▸ **Problem statement**: Give back, word for word, the lines in the listing below from the one holding "ATIKA ASP 4N-2" down to the one holding "الضمان الاجتماعي:- رابط", both ends included.

▸ **Data extracts**:
::::::::
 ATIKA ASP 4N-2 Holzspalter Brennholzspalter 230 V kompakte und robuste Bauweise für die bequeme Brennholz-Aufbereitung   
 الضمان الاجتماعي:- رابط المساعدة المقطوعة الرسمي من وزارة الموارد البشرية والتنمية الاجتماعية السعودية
::::::::
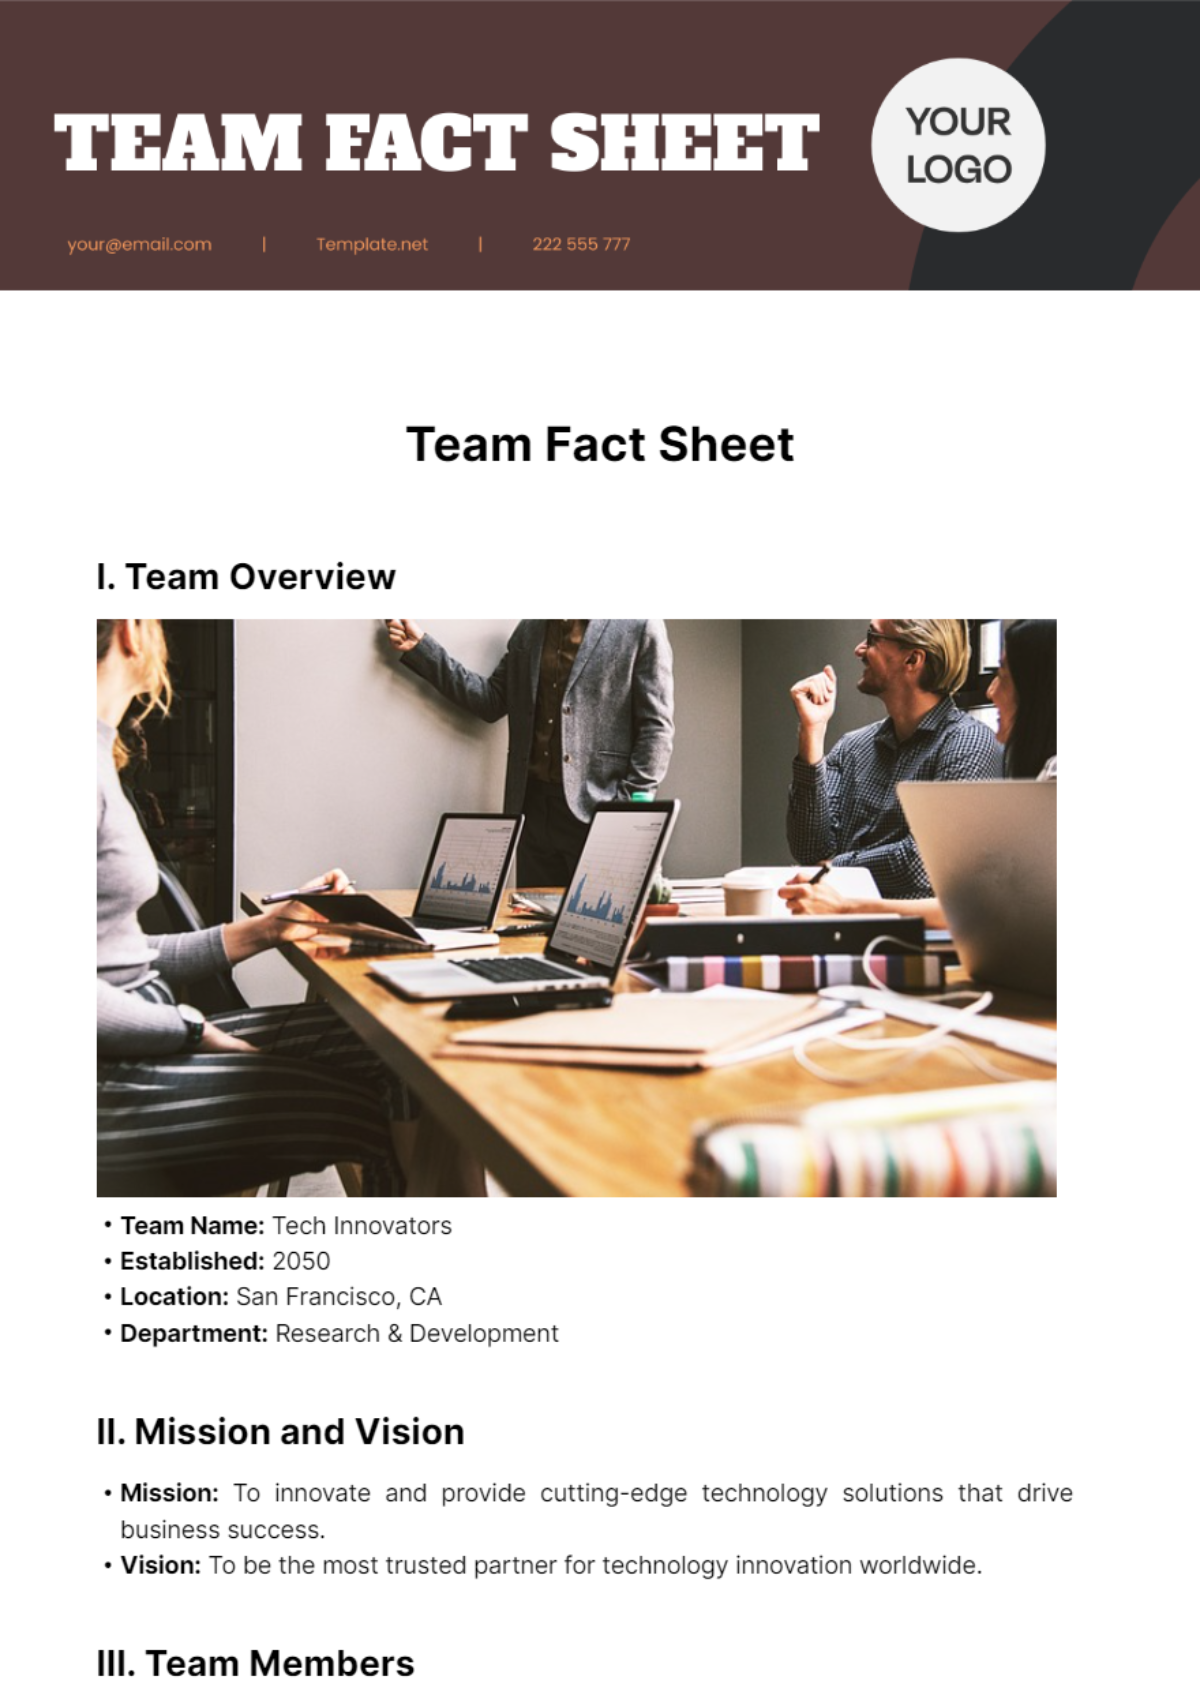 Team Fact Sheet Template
::::::::
▸ **Output below**:
 ATIKA ASP 4N-2 Holzspalter Brennholzspalter 230 V kompakte und robuste Bauweise für die bequeme Brennholz-Aufbereitung   
 الضمان الاجتماعي:- رابط المساعدة المقطوعة الرسمي من وزارة الموارد البشرية والتنمية الاجتماعية السعودية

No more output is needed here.